Reference values and documentation
Pancreatic head:
49±10 (26–77) mm in (longitudinal plane, cranio-caudal measurement) [6 ]
[41 ].
34±8 (19–52) mm (right-left diameter) [6 ]
[41 ].
23±5 (14–39) mm (antero-posterior diameter) [6 ]
[41 ]
[45 ].
Corpus: 10–20 mm [6 ]
[13 ]
[45 ].
Cauda: 20–35 mm [6 ]
[13 ]
[45 ].
The size of the pancreatic head should be documented in at least two diameters.
We recommend the documentation of all three dimensions reflecting examination
quality. However, the benefit of absolute size measurements in the clinical
routine remains an open issue.
Pancreatic Duct
The pancreatic duct should be identified and measured in all (mobile) patients. If
this is not possible in the supine position, the examination should also be
performed in the left lateral and standing positions [Fig. 6 ]
[7 ]. The maximum diameter is measured from the inner-to-inner layer in the
corpus and should be less than 2 mm [45 ]. The
values in the pancreatic neck (between head and corpus) may be physiologically
larger than 2 mm [19 ]. An increase in
pancreatic duct diameter with aging was also demonstrated [3 ]
[17 ].
It is essential to know that the diameter of the pancreatic duct will increase in
about 50% of healthy subjects when changing the position from supine to upright
[53 ] and during inspiration [50 ] and secretin stimulation as used in
magnetic resonance imaging (MRCP) of the pancreatic duct and rarely also in
endoscopic retrograde cholangio-pancreaticography (ERCP) [54 ]
[55 ].
However, pharmaceutical secretin preparations are no longer available on the market.
Endosonographically, the Ductus Wirsungianus can be visualized regularly. The
average diameter of the normal MPD was 1.7 mm, with an interquartile range of
0.9–4.3 mm [34 ]. In an MRI study, Wang et al.
describe the diameter of the pancreatic duct in the pancreatic body as 1.57±0.35 mm,
with an age-related increase [56 ]. Beyer et
al. described the average width of the pancreatic duct on MRI as 1.8±0.96 mm [57 ].

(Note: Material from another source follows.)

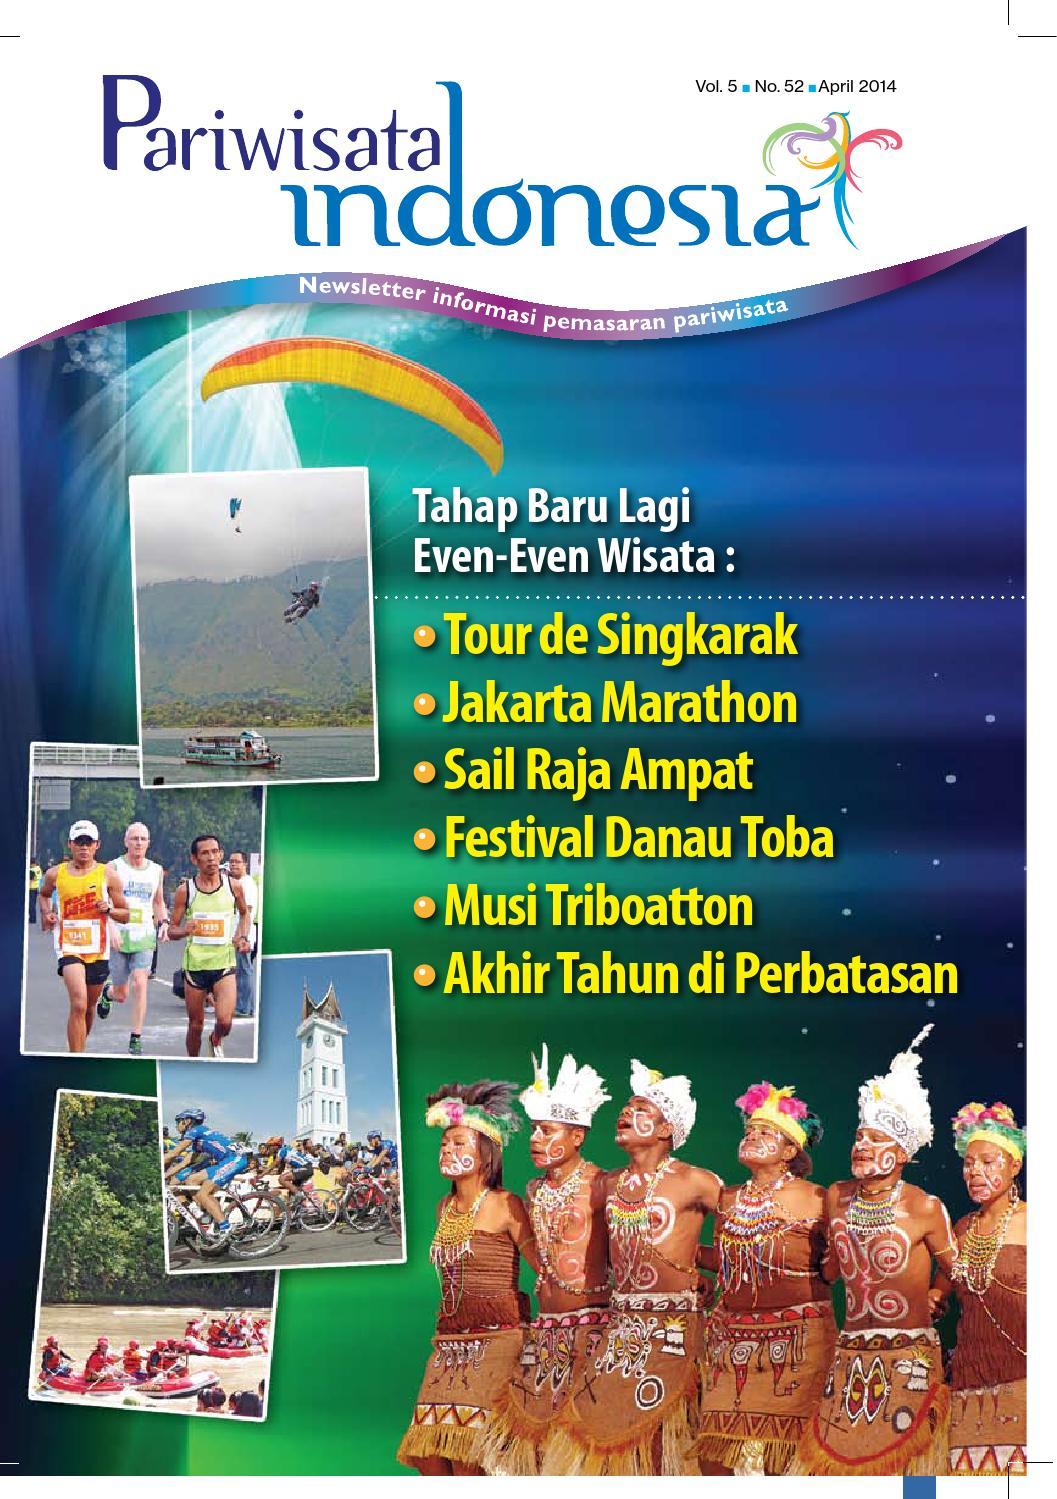 Newsletter Pariwisata Indonesia Edisi 9 - April 9 by Muhammad
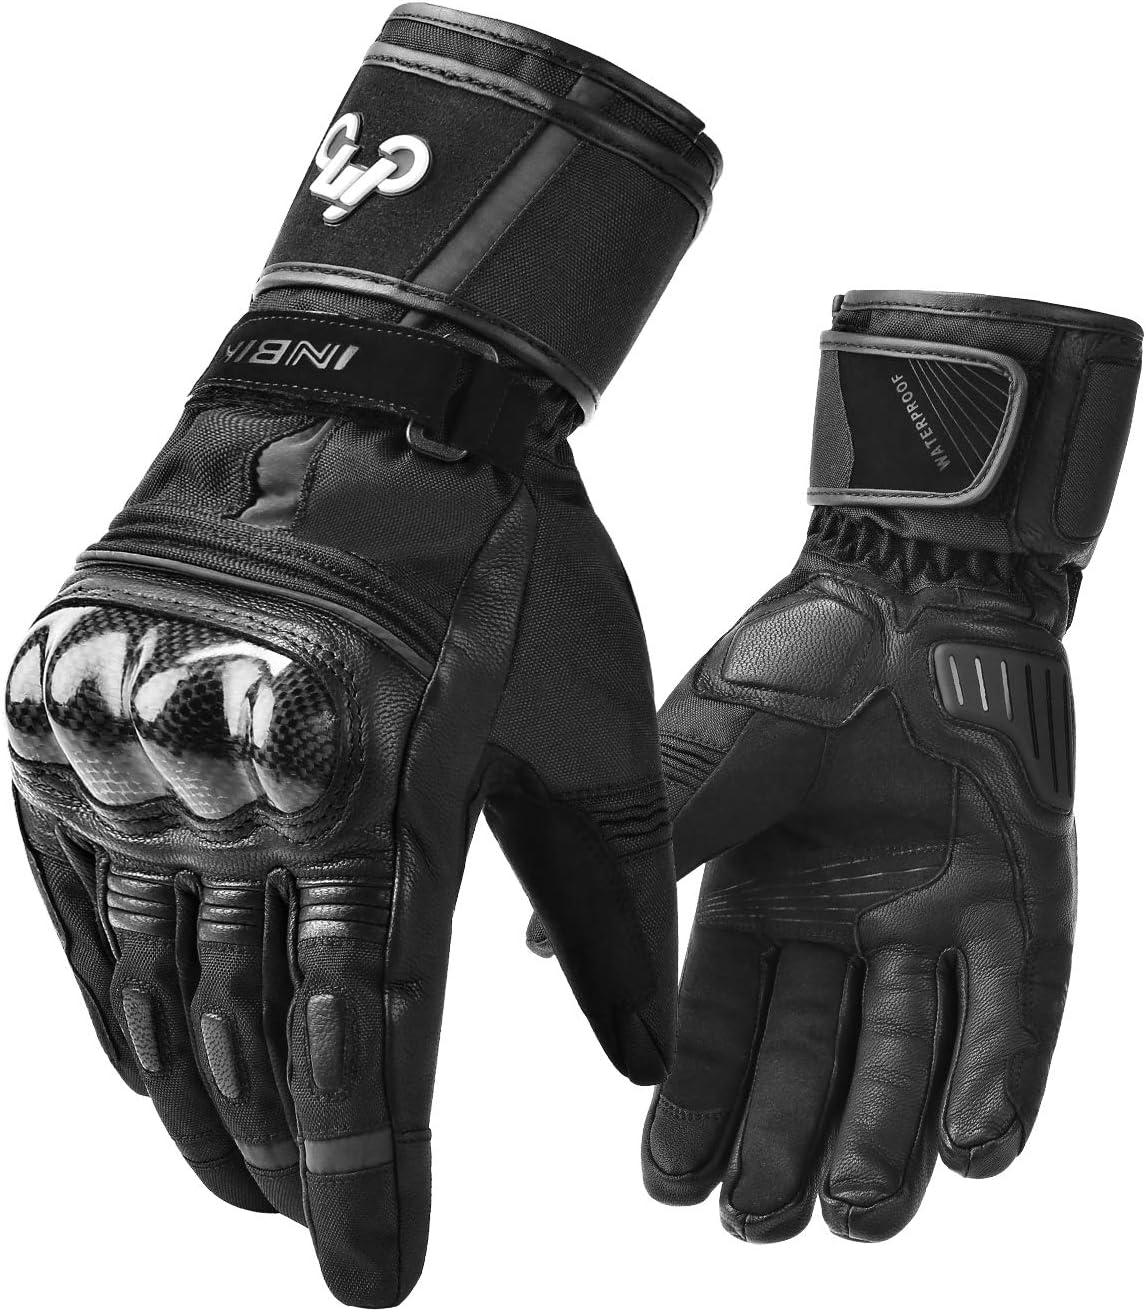 INBIKE Winter Goat Skin Leather Motorcycle Gloves,Waterproof Windproof Cold Weather Thermal Black Medium

Fig. 6 The pancreatic duct is measured in the pancreas body near the
pancreas head, and the measurement is performed at the inner contours (a,
b).
Fig. 7 Slightly hyperechoic pancreas with slightly less echogenic
ventral attachment to the pancreatic head and well visible, very narrow
pancreatic duct. The course of the pancreatic duct is marked by the
measurements.
Interestingly, the pancreatic duct was slightly wider after cholecystectomy:
2.1±1.09 mm. This study also described an increase in the width of the pancreatic
duct as part of the aging process. The authors considered a duct width of up to 3 mm
normal in people up to 65 years of age and up to 4 mm in people over 65 [57 ].
Reference values and documentation
Pancreatic body:<2 mm (age-dependent>50 years old up to 2.5 mm).
Upper limit values in the pancreatic head, especially in the neck between the
caput and corpus, may be up to 3 mm.
The diameter of the pancreatic duct should be measured in the pancreatic body in
all patients with corresponding clinical questions. Consequently, the report
should also mention if the pancreatic duct cannot be visualized.
Practical tips, tricks, and recommendations
A review analyzing pancreatic duct imaging during aging was recently conducted
[3 ]. The consensus of the pancreatic
duct diameter of 3–2–1 mm for the head, body, and tail was further strengthened.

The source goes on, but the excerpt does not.